One final note on AVX, which is a natural extension of SSE, and brings the vector register size up to 256 bits, meaning up to 8 floats can be packed and processed in parallel. While Intel processors support 256-bit registers natively since their introduction, AMD processors can be problematic. Early AVX AMD CPUs, such as Bulldozer and Jaguar, decompose 256-bit operations into two 128-bit operations, driving the latency up compared to SSE.

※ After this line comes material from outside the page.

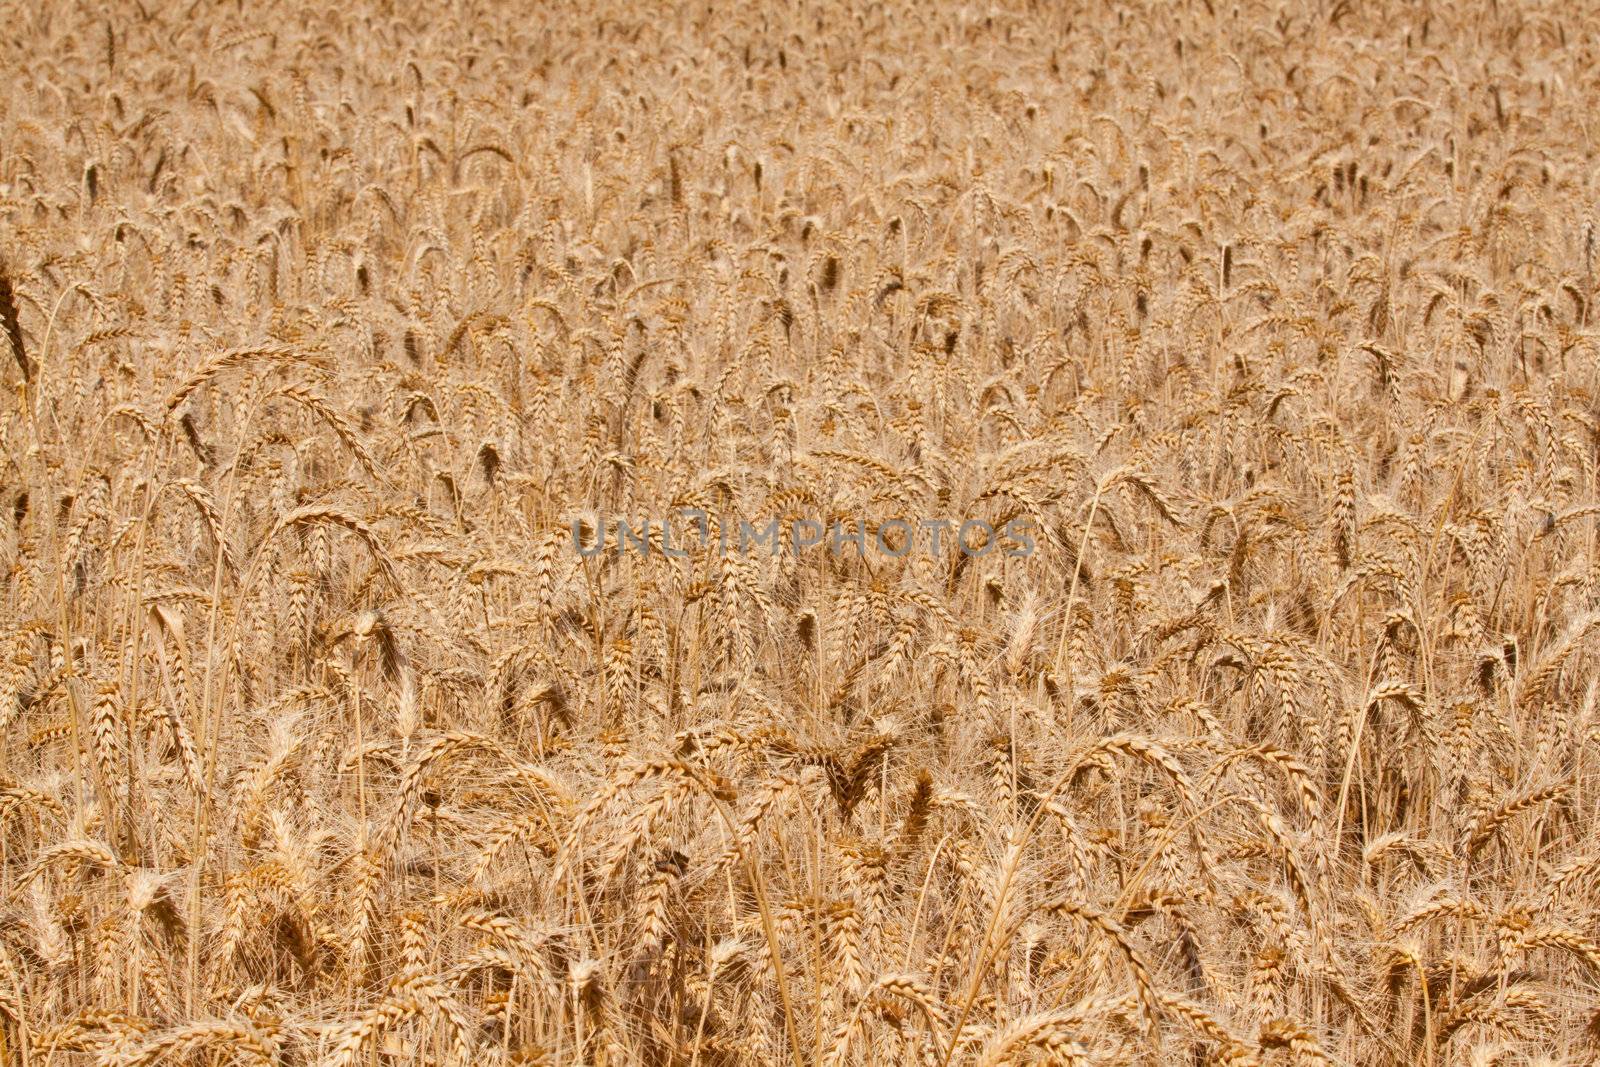 A closeup shot of a wheat field ready to be harvested.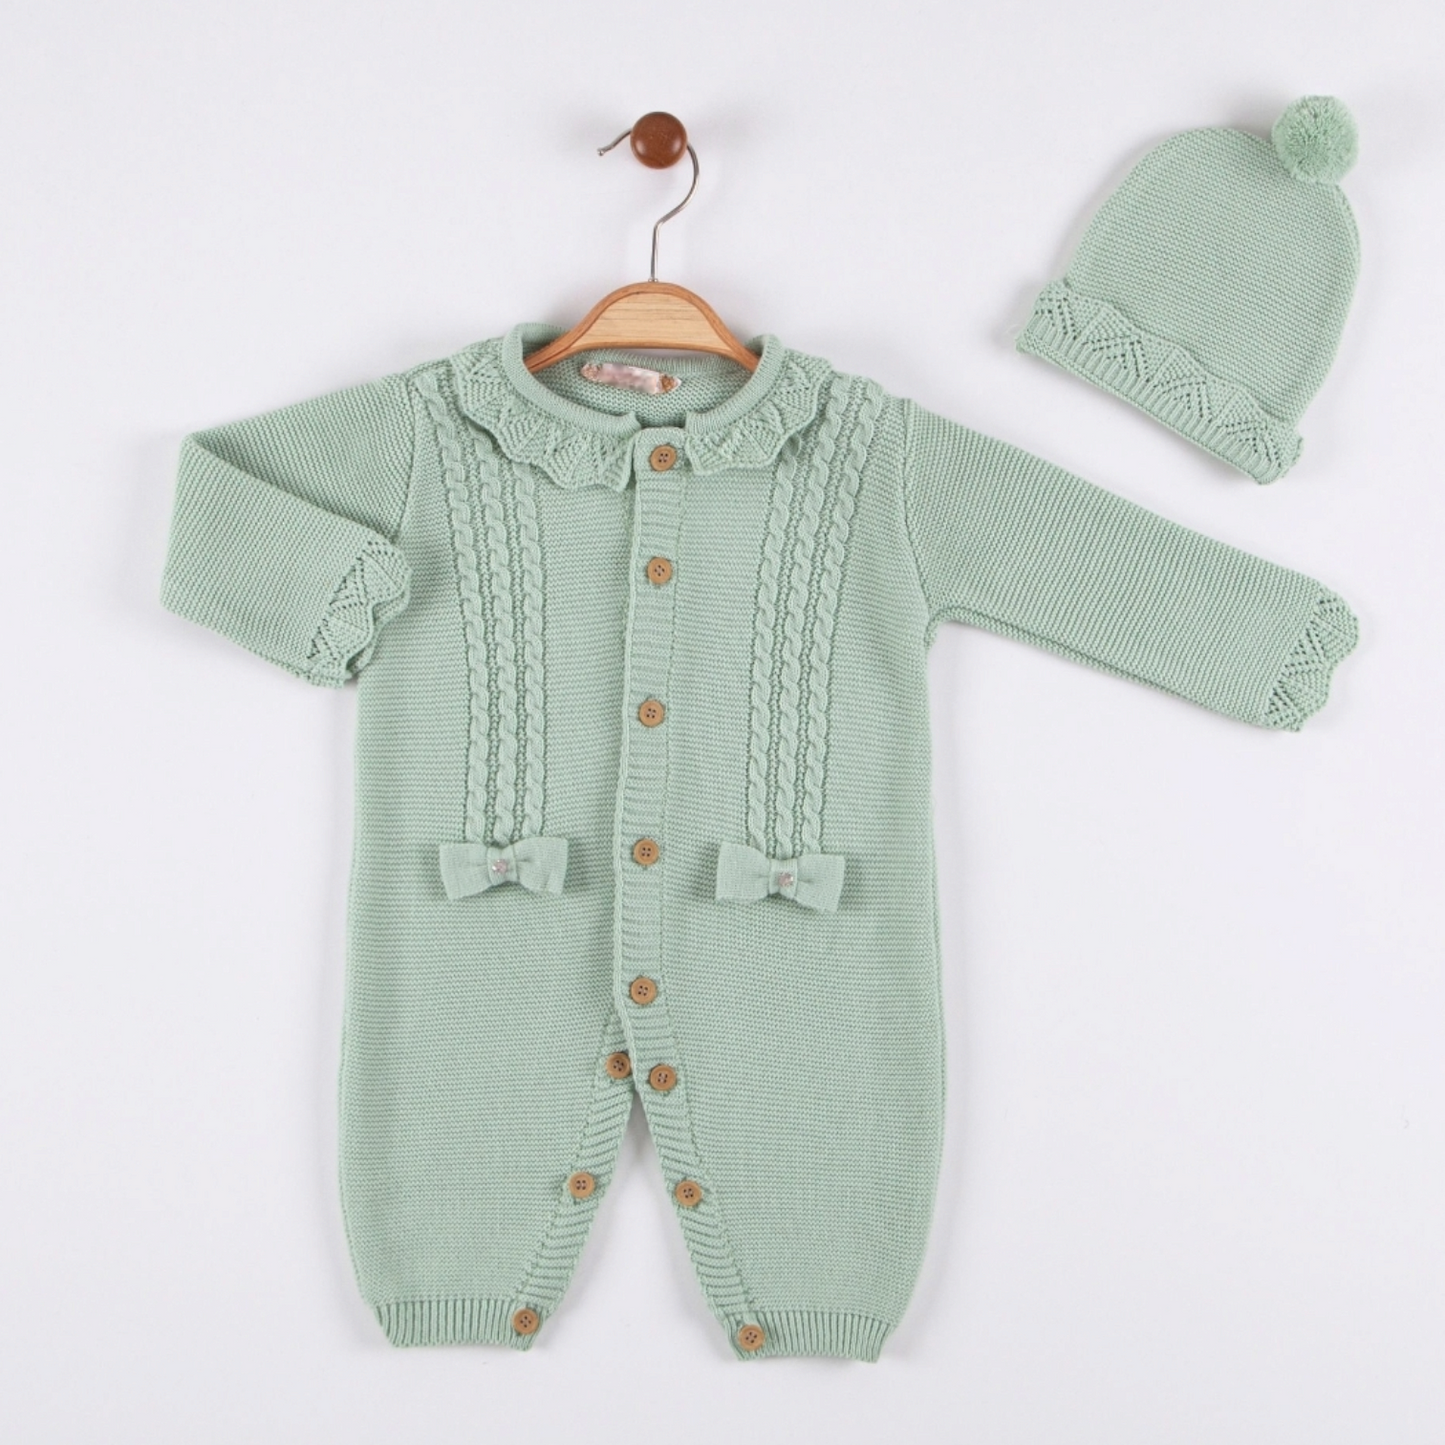 Girly onesie with hat

In conclusion, it’s tricky to target AVX exclusively (maybe for internal tools if your workstations are Intel based), and AMD processors don’t support it natively for the most part. On the other hand, SSE2 can be taken for granted on any x64 CPU (it’s part of the specs), so there is no real excuse not to use it.

 


Out-of-Order execution

In an Out-of-Order (OoO) CPU pipeline, when the execution of an instruction is delayed because the necessary input data is not ready, the CPU tries to find later instructions to execute first, if their input data is ready.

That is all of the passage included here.